You can see that I am using AllowDrop to activate the Drop functionality, DragEnter – to setup allowed operations (Copy) and Drop – to get content from DataPackage and show it using ListView.

In order to create items source for images I created BitmapItem class:

class BitmapItem { public ImageSource Source { get; set; } }

In the next step I implemented DragEnter event handler in order to notify the system about supported operations.

private void Grid_DragEnter(object sender, DragEventArgs e) { e.AcceptedOperation = DataPackageOperation.Copy; }

Finally, I am using DataPackageView in order to get reference to the content. DataPackageView can contain anything but I want to work with files only, so I call GetStorageItemsAsync in order to get references to files there and use BitmapImage to prepare the image files for Image objects.
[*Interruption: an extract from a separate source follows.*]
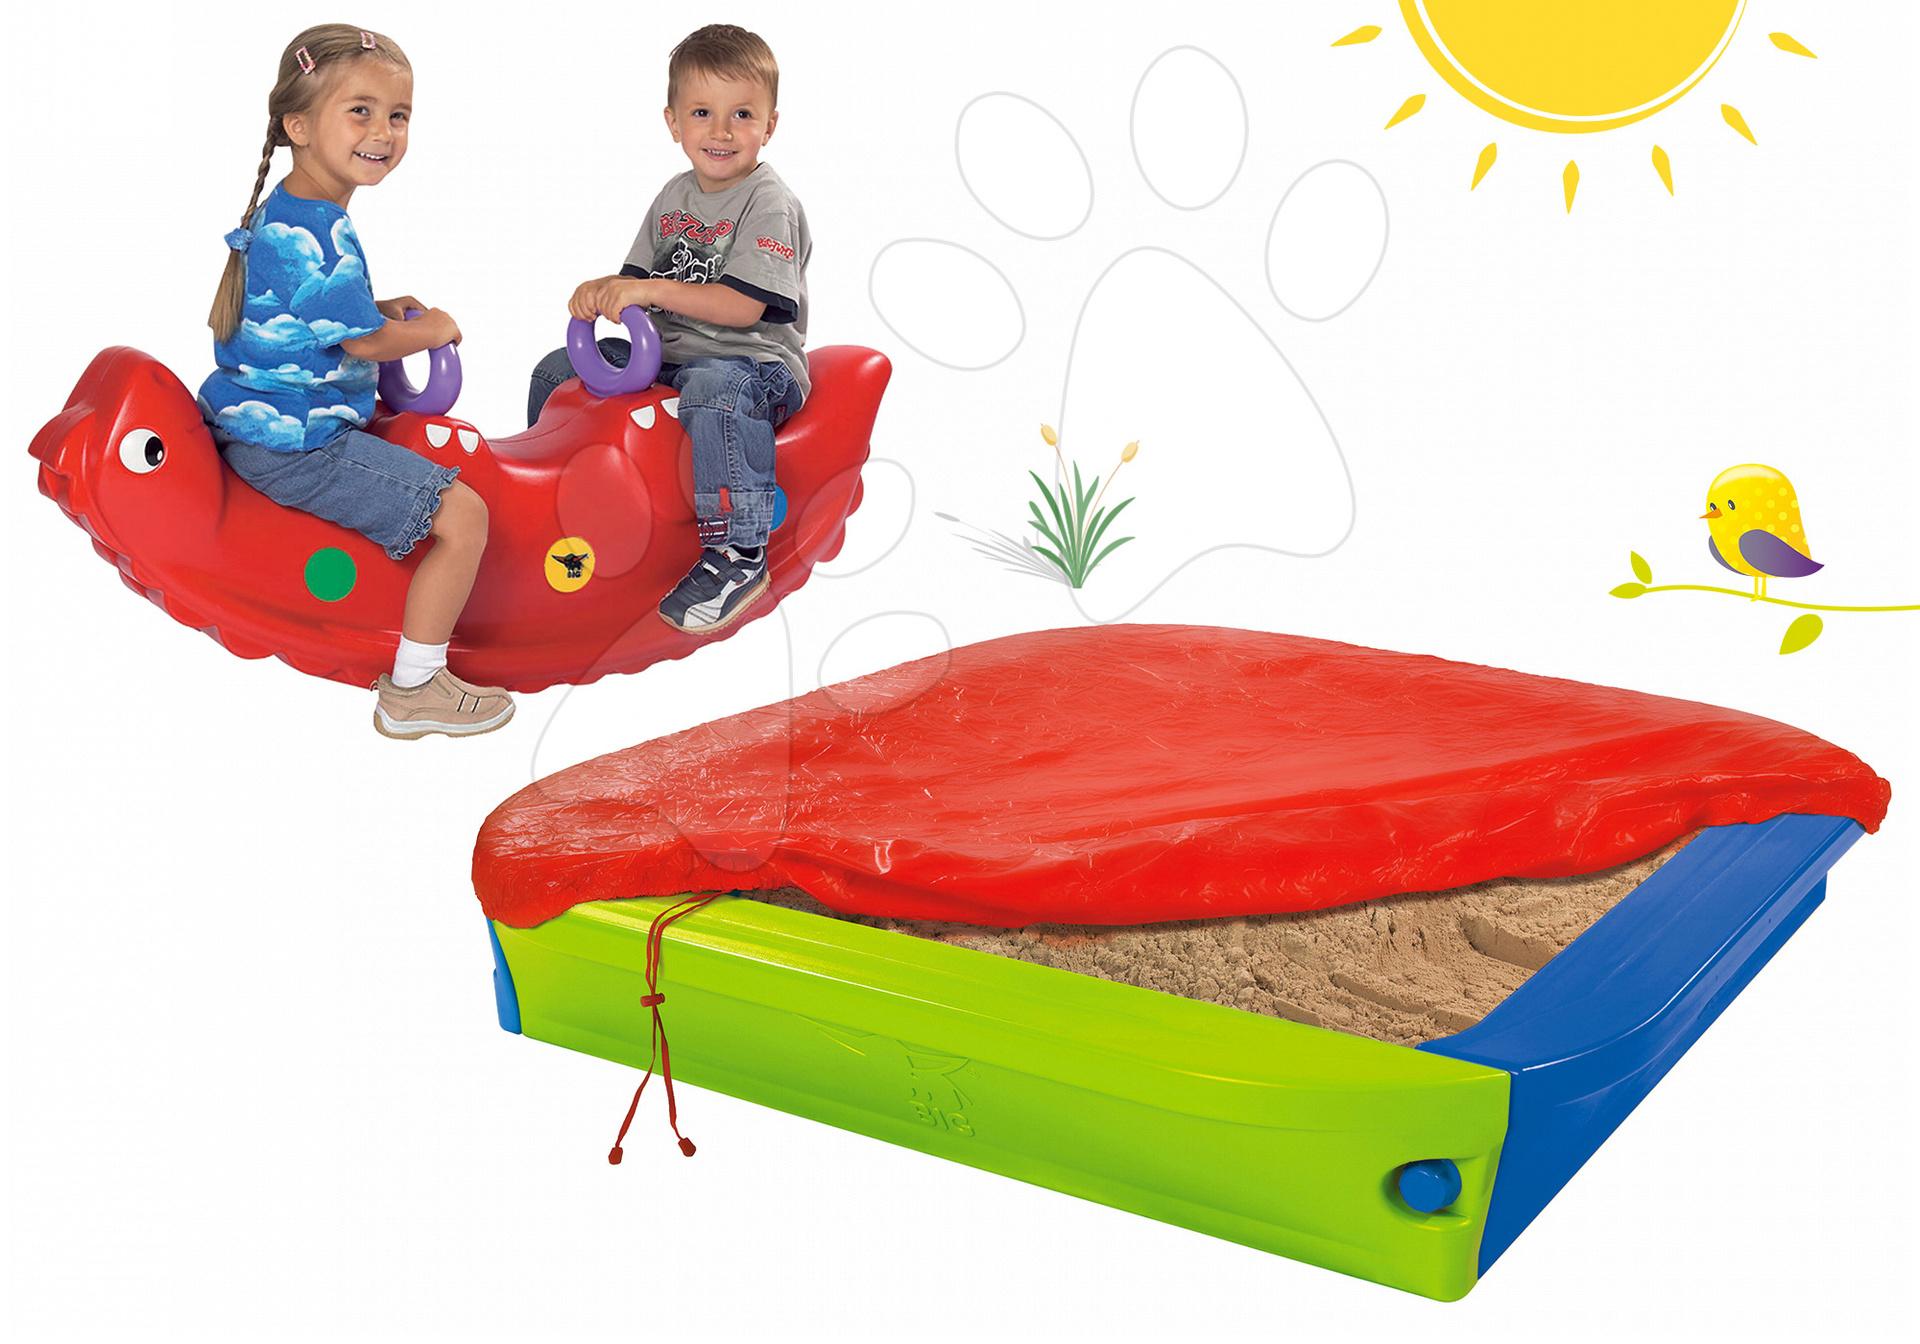 BIG set detské pieskovisko a hojdačka dinosaurus Sammy 56726-1
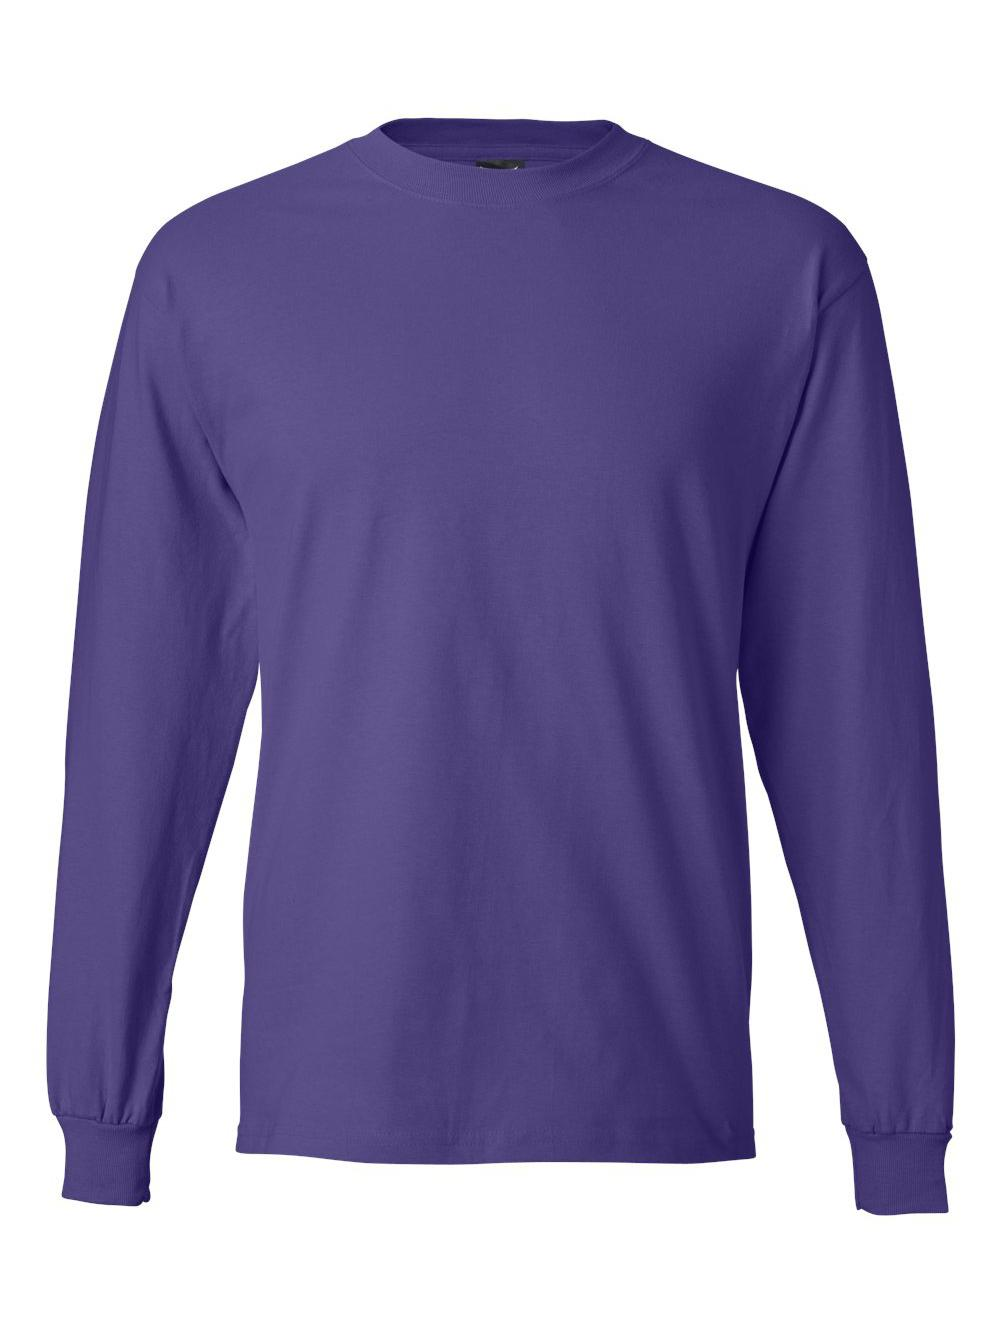 Hanes-Beefy-T-Long-Sleeve-T-Shirt-5186 thumbnail 45

private async void Grid_Drop(object sender, DragEventArgs e) { var files=await e.DataView.GetStorageItemsAsync(); List<BitmapItem> items = new List<BitmapItem>(); foreach(StorageFile file in files) { try { BitmapImage bi = new BitmapImage(); bi.SetSource(await file.OpenAsync(FileAccessMode.Read)); items.Add(new BitmapItem() { Source = bi }); } catch { } } listView.ItemsSource = items; }

I am too lazy, so I decided to avoid any checking – I simply use empty catch block if user passed non-image file(s).

That’s all. You can see that it’s easy to implement Drag and Drop functionality and you can make experiments with different content types there or implement the same functionality inside the same application (drag and drop content from one part of application to another).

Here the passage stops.